ああこういう本も買っていたなと懐かしむ。これは東村山の「なごやか文庫」から200円ぐらいで買った覚えがある。これを買った当時、老生は「なごやか文庫」の専従捜査員のごとく棚に張りついていた。みっちりと棚に並んだ古本に動きはないか、昨日と今日の棚に変化はないかと目を凝らす日々を送った。
「あなた、いつもここにいるね」
と声をかけてくれた方がおり、聞けばこの古本屋を管轄する施設(なごやか文庫は東村山市社会福祉センター内に設置)の館長さんであり、異常な頻度で出没する老生は逆に怪しまれていたのかも知れない。なおここでは年に一度、古本市が開催されており、その会場で老生は、古本屋巡りのブログで有名な「古本屋ツアー・イン・ジャパン」氏の姿を目撃している。
長くなるが、この際だからここへ記録しておこうと思う。
当時、「なごやか文庫」で行なわれていた古本市であるが、当日はその売場の範囲を拡張、通常の店舗に加え、となりの大広間まで使用し会場内は玉石混交の古本で埋め尽くされていた。特筆すべきは、大広間の会場に入ってすぐ右側に設置された、数台の古本棚(現在の古本市では消滅)にある。
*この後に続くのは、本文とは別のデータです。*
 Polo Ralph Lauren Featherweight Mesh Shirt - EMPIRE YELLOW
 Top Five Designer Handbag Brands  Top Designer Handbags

この棚には、濃い茶色に変色し紙質も経年変化を遂げた、目をそむけたくなるような古い本が隙間なく詰め込まれ、新たな旅立ちを今か今かと待っているのだ。
会場へ訪れた一般客とは区別される、一部の病的な古本マニアが殺到するのはこの棚であり、妙な熱気を感じ緊張した係員が古本市のスタートを告げるやいなや、この古本病人らは極端な前傾姿勢で前述した棚へとむしゃぶりつくのであった・・・。おぞましく浅ましい、みじめで見っともない、落ちぶれた卑しい姿がそこかしこに見られ、棚の前は、常に飢えと渇きに苦しむ餓鬼の見本市の様相を呈することとなる。
とまあ、この古本市での小さな一幕を述べたわけだが、この棚の魅力については、くだんの"古本屋ツアー"氏もそのブログで触れており、現在はすっかり変わってしまった「なごやか文庫」に対しては、悲しい気持ちになるばかりである。
写真の「木曜日のとなり」(吉田とし=作、赤坂三好=画、初版帯付き)を調べると、中々の高値で取引されているようで、卑しいが昔の「なごやか文庫」に感謝する・・・。